他的瞳孔里倒映出凌贝雅背着手的动作,额角跳了跳才深吸一口气说道。
“看来不管在什么地方,我都得随时随地贴身保护金尊玉贵的女皇陛下。”
他的话被风声卷进凌贝雅的耳中,语气听着没什么起伏。
“如果骑士长很有时间,我完全不介意。

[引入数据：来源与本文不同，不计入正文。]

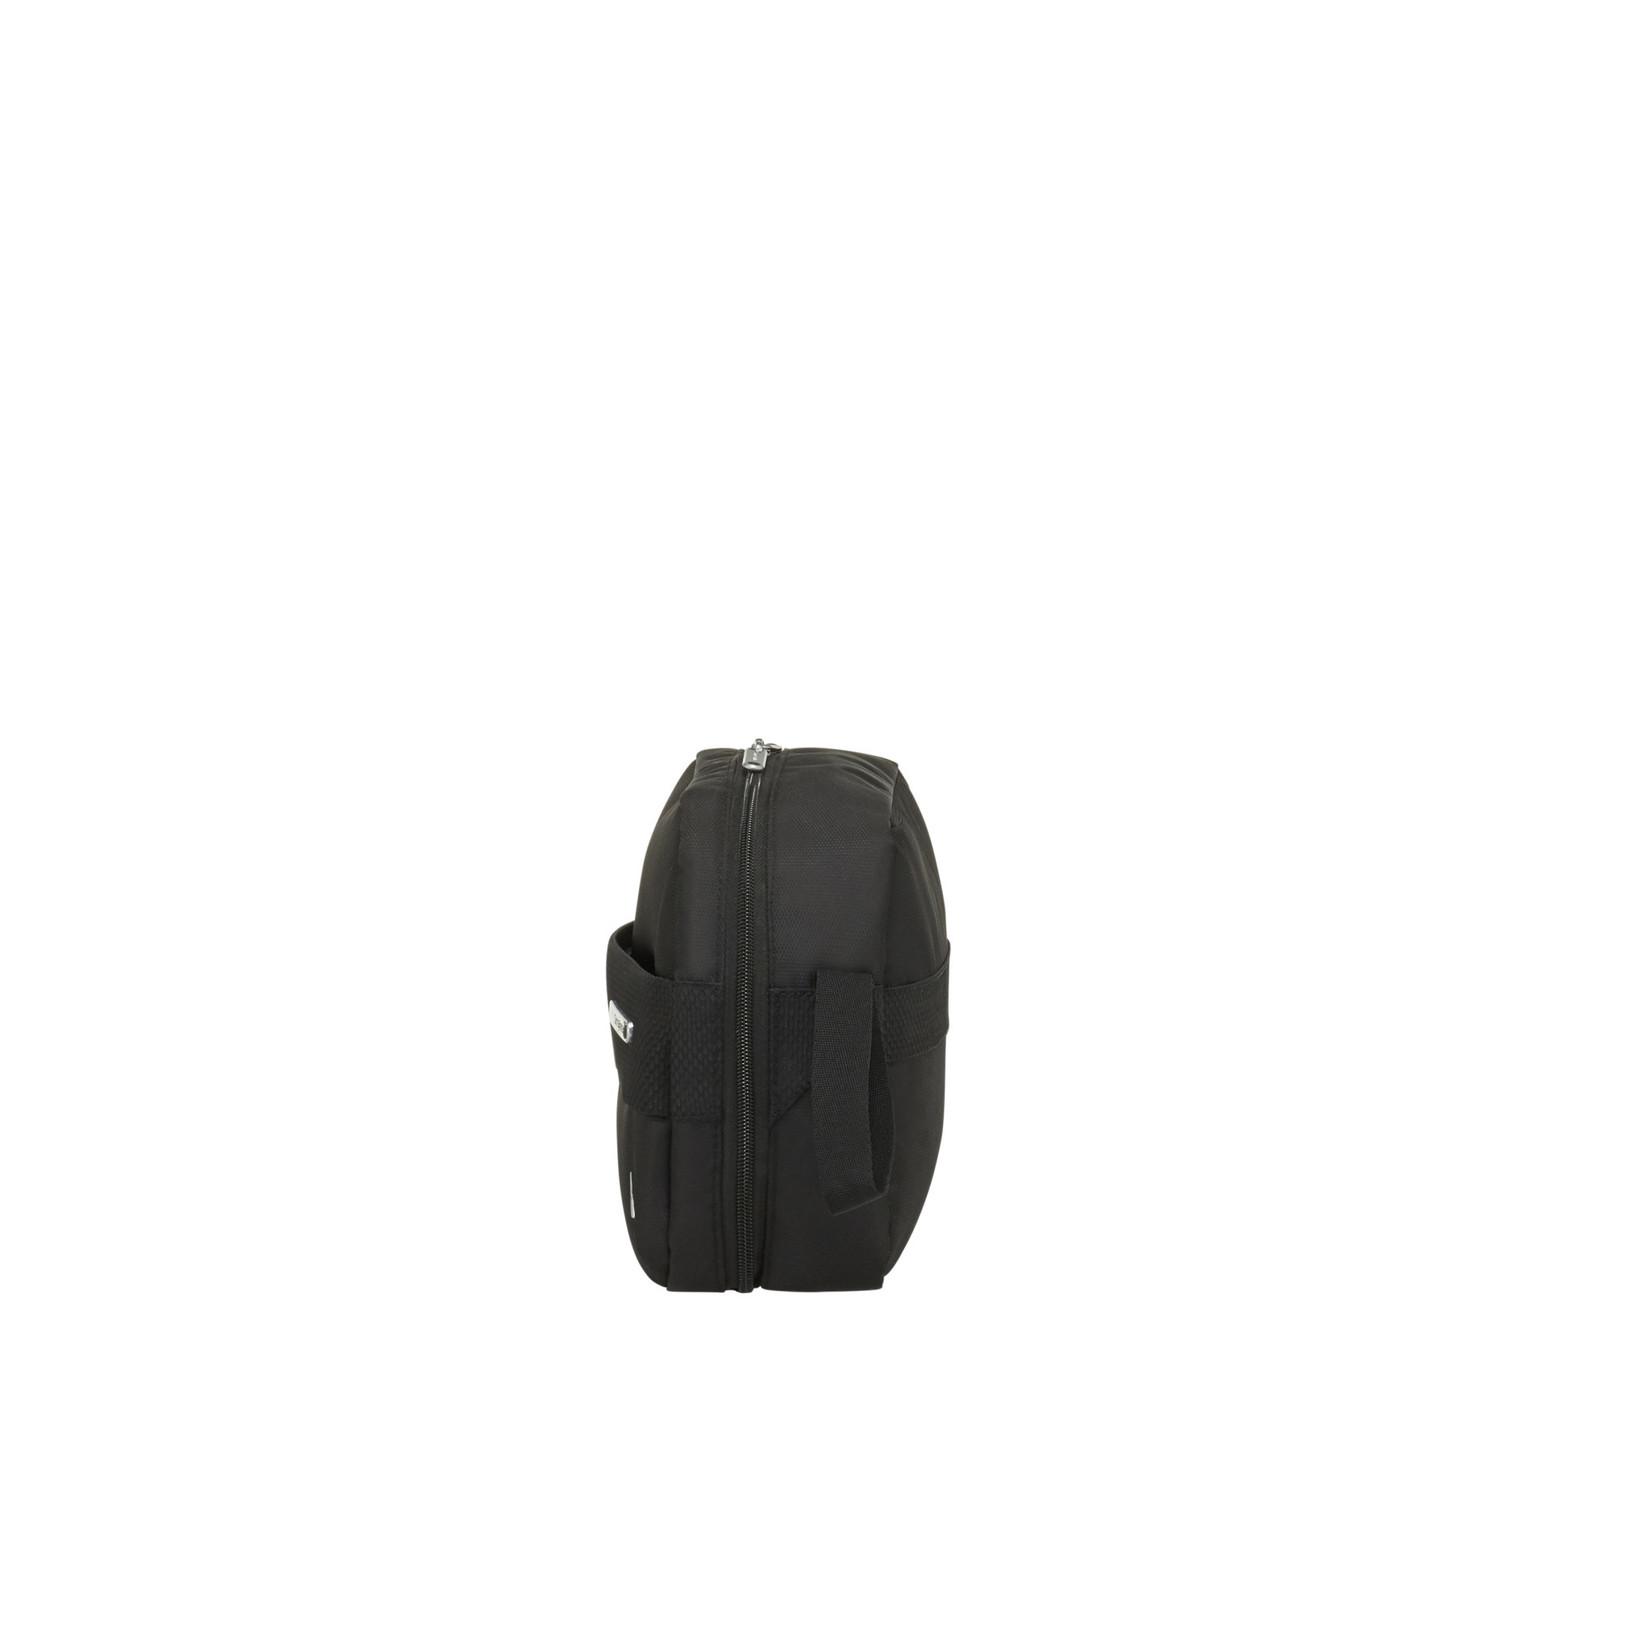 Samsonite Duopack Toilettas Black

”
凌贝雅站在凉亭的台阶上,听到他的话微微挑了挑眉,才慢悠悠的说道。
大概是没想到凌贝雅不仅没对他的嘲讽生气,还借机戏弄他,塞希尔愈发的面无表情,看着她的眼神沉的宛若一潭死水。
凌贝雅并不在意他什么想法。
看他吃瘪,心情好的不行。
疼不疼的已经不在意了,同他对视笑的灿烂。
许久,塞希尔才磨了磨后槽牙,硬邦邦开口道。
“回程大概十五天左右,我拼尽全力让您安然无恙的抵达王城。”
他像是在正常秉报工作,但凌贝雅怎么会不知道他的目的。
“这不是你应该做的吗?”
凌贝雅干脆坐回凉亭的石椅上,两个手肘拄著桌面,双手交叠撑著下巴,饶有兴致的看着塞希尔表演。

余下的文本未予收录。